Q: Can you identify the beginnings of the modern Public Relations industry?
A: To some extent it came from the growth of democratic outrage against a society in which democracy didn’t function very well. In the 1870s Standard Oil seized what had been a very localized petroleum industry. This kind of monopoly was taking over in other industries including steel, meat packing, sugar – often extractive industries. The term ‘robber baron’ dates from this period. Implicit within it is the idea that democratic movements had struggled for centuries to wipe out a landed aristocracy and were now finding this new corporate wealth functioning with little sense of accountability to anybody. These corporate barons were seen as a throwback to pre-democratic tyrannies. It was a period in which the working class was very, very poor, without any kind of social safety net.
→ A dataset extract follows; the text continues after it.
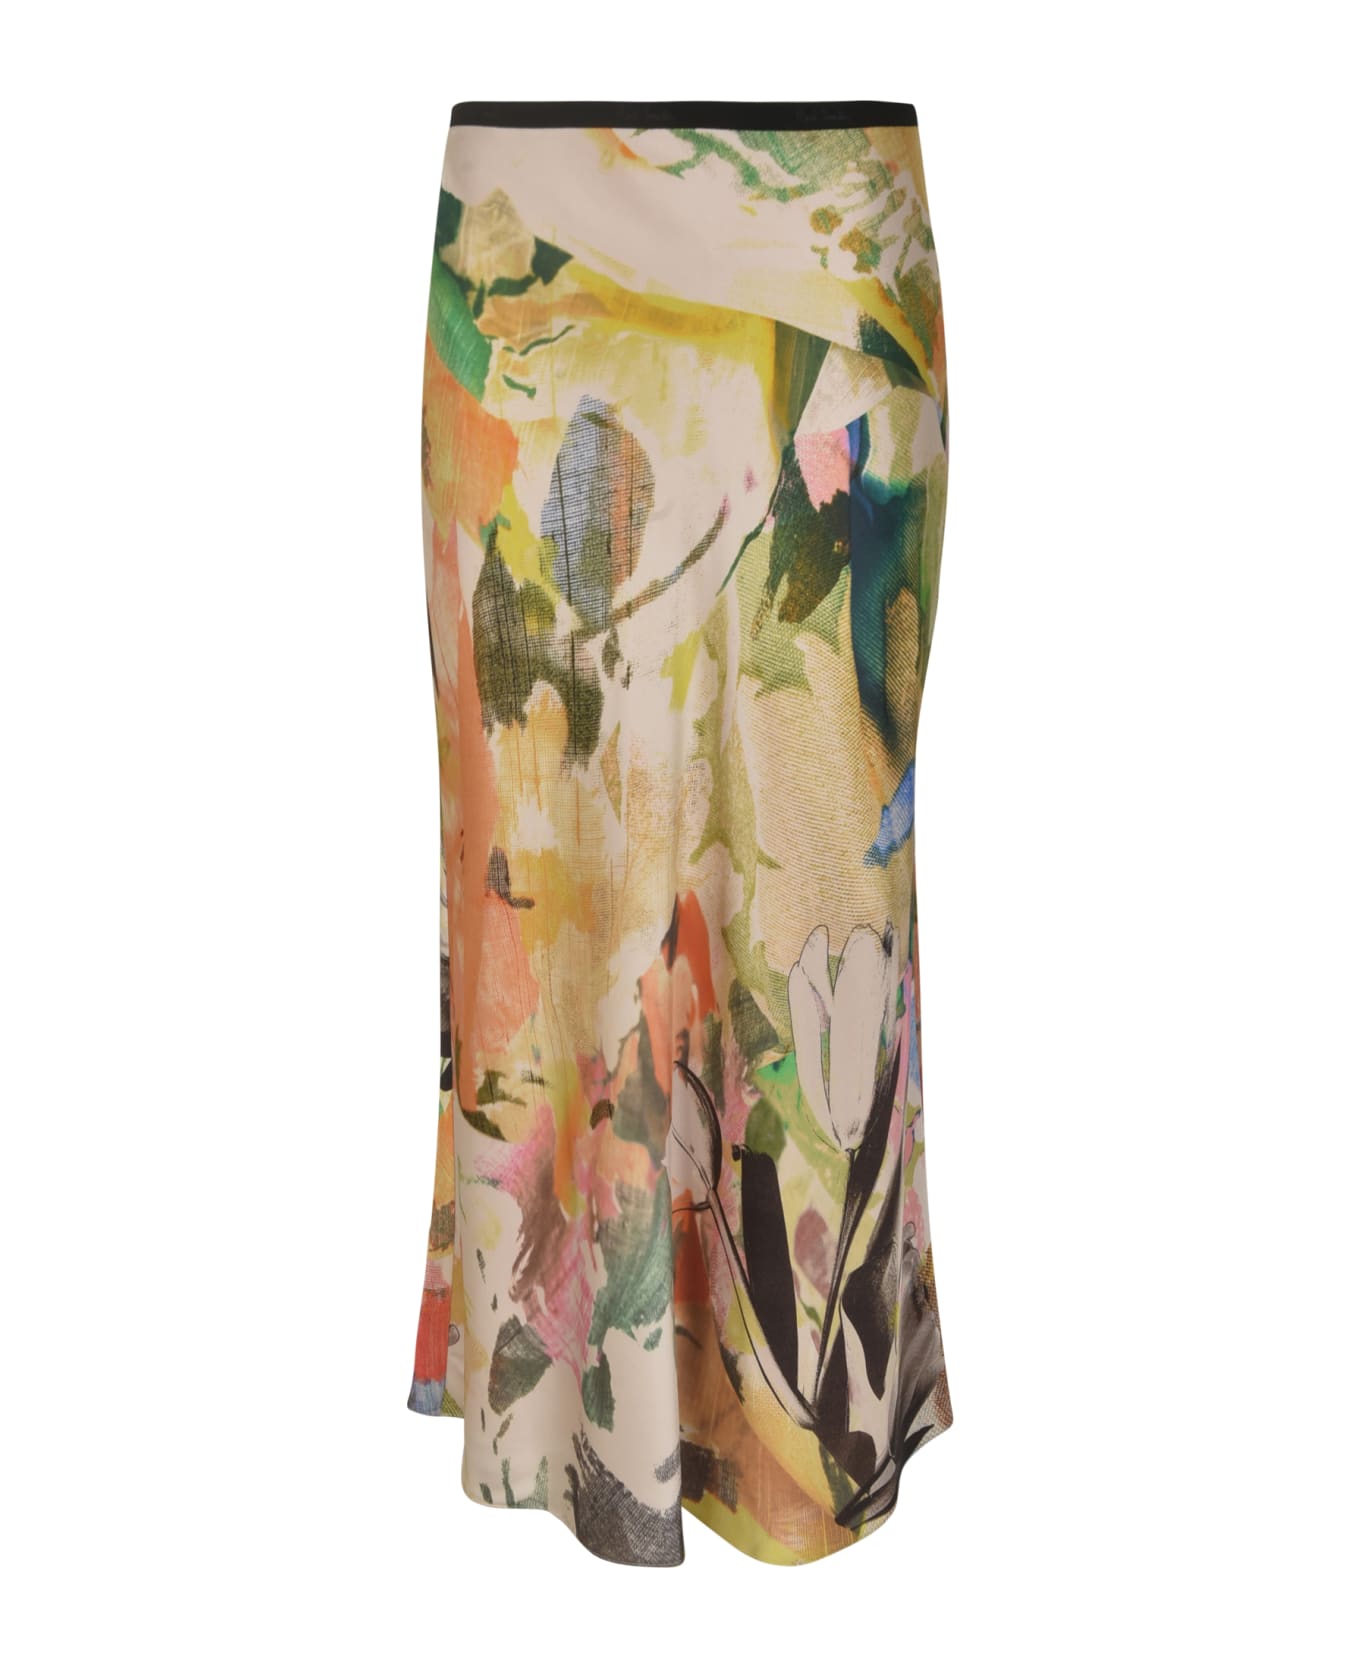 Paul Smith Floral Printed Skirt - Multicolor

Also the traditional middle class, once staunch defenders of private enterprise, began to feel that publicity was needed to expose the outrages of the business class. This was the birth of the ‘progressive’ movement.

By the end of the nineteenth century the idea of government intervening to regulate and set boundaries on private wealth was coming into fashion. It has been an issue in US society ever since. In the face of this challenge certain industries do battle with a kind of counter-publicity to convince people that unfettered private enterprise is in everyone’s best interests.

Q: If you trace the periods of innovation in corporate PR throughout this century, are they connected to periods of popular resistance?
There is no question. Corporate PR has been reactive to situations when public hostility forced them to filter their practices to present themselves as operating in the public good. This is usually a defensive response to democratic outrage over business practices. The 1930s and then the 1960s were periods in which the challenge to the business system became widespread. If you want to see the flowering of corporate public relations strategies look at the decade following those periods. After World War Two a kind of gung-ho corporate public-relations strategy tries to present the private business system as the quintessence of the American Way – a kind of commercialistic rendition of democracy. This became almost a national ideology used to roll back policies and ideas that came out of the 1930s New Deal – for example, the very idea that government might compete with business by providing public housing. In the 1960s people began to wonder if democracy was being violated by a destabilized business system. In the 1970s and 1980s, with the triumph of Reagan and Thatcherism, there comes to fruition a set of national public relations strategies catalyzed by the political issues of the Sixtes.

Q: Can you trace the intellectual roots of corporate public relations?
There are two trajectories of intellectual influence. The first wave of PR strategy, like ATT’s effort to convince the US public it should have a monopoly over all wired communication, is in the tradition of rational reportage. It was a question of laying out facts to persuade people the corporate position was in their best interest. It wasn’t particularly successful.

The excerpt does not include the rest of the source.